I'll take a good look at your code.
Thanks to everyone who replied.
Keith
·
Here is a debugging trick you might already be using. Set an output bit at the start of the ISR and clear it at the end. Assuming your scope has dual trace, you can look at when the ISR happens in relation to the incomming data, and see how long the ISR takes by the length of the pulse.
I've edited the code I posted to show that.
If you have more than 2 channels, or if your scope has an external trigger, you could sync on the attention line to the PC and see where the end of the byte is and when the PC is supposed to be transfering it. That would sync you to the start of the next byte, so you could see what should be coming into the shifter, as well as if the attention line is getting set every 8 bits.
Another variation would be to copy the state of the WKPND bit to the output bit, so you can see whether the ISR is interrpreting the data as a 0 or a 1.
With a scope and an output bit, you can get some good visibility into what your code is doing relative to the data.
Mike
<vent> You know, I've been programming(on the side, not for a living) half-seriously for probably about 15 years. Nothing irks me more than to have something very very simple NOT work. It's not the COMPLICATED things I get mad about not working -- I expect to have problems and to spend lots of troubleshooting time on HARD problems. But the easy stuff, that's just supposed to work on its face, that's what I get mad about not working </vent>
I don't particularly like my current routines anyways. I'm going to shift more of the programming out of the ISR and more into the main --- which I guess is a good design goal.
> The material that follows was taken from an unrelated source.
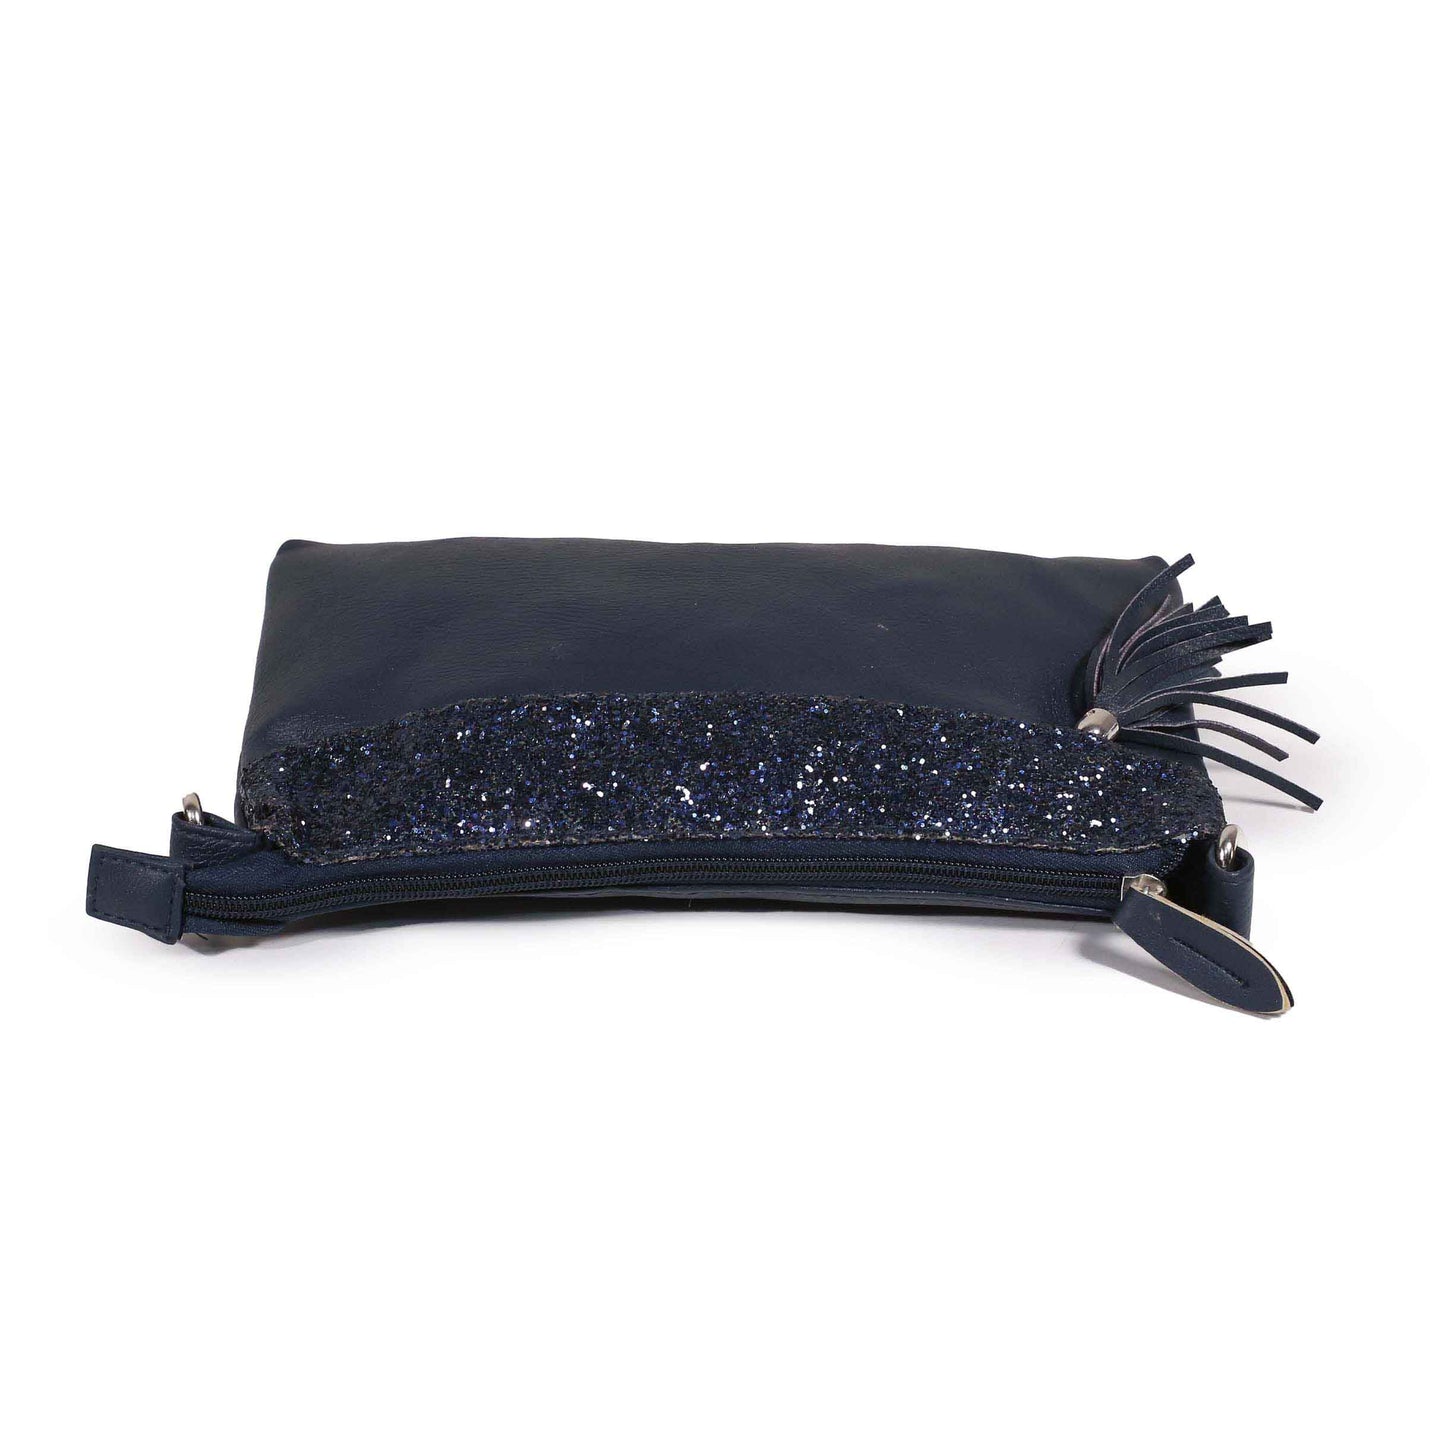 NATHALE ANDERSON POUCH

Keep the ISR as short as possible.
Keith
My most memorable bug was in my Z80 assembler days, working on the program for a piece of test equipment, a scanning optical densitometer. Used to measure color test targets on printing.
I had coded some new scan routines to do automatic color bar recognition, that seemed to be working pretty well. Finished them up on a Monday. The gizmo was going to be shipped on Tuesday, so it all looked good. Everything tested out OK.
On Tuesday morning the head of the service department, who was going to do the installation, ran through a test of the unit's function, part of which was to test the scanning on the customer's color bar. Didn't work. Bombed most convincingly.
What the *&#%? "It worked fine yesterday!"
I scratched my head a bit thinking about the problem and a light bulb went off. The scanner had a real time clock that displayed the date and time on a CRT as part of the instrument's display. I reset the date to Monday.
It worked just fine. Oooops.
In my scanning code, I had re-used the memory locations used by the clock output. Perfectly legal, and sometimes a must to re-use temp ram like that, which was always in short supply. (1984 ish, ram wasn't cheap.)
But I had forgotten to *clear* it first. Or at least a particular byte that I used to hold flags indicating the state of the scan.
So the program would work fine, except on Tuesdays and Thursdays. Fortunately I found it pretty quickly, and the service guy was able to load the unit into the company van and deliver it on time.
But I won't forget that one.
As you hunt your bugs, keep in mind that the processor (usually) is doing *exactly* what you told it to do.
Mike
This is entirely OT BUT Pantone has this really cute handheld spectro-colorimeter.· Under $250 too!
http://www.pantone.com/products/products.asp?idSubArea=0&idArea=2&showNav=94&idProduct=373
I've contemplating buying one but the reports on it aren't very favorable --- at least not in the serious context....
Keith
Post Edited (Keith M) : 3/17/2005 4:15:39 PM GMT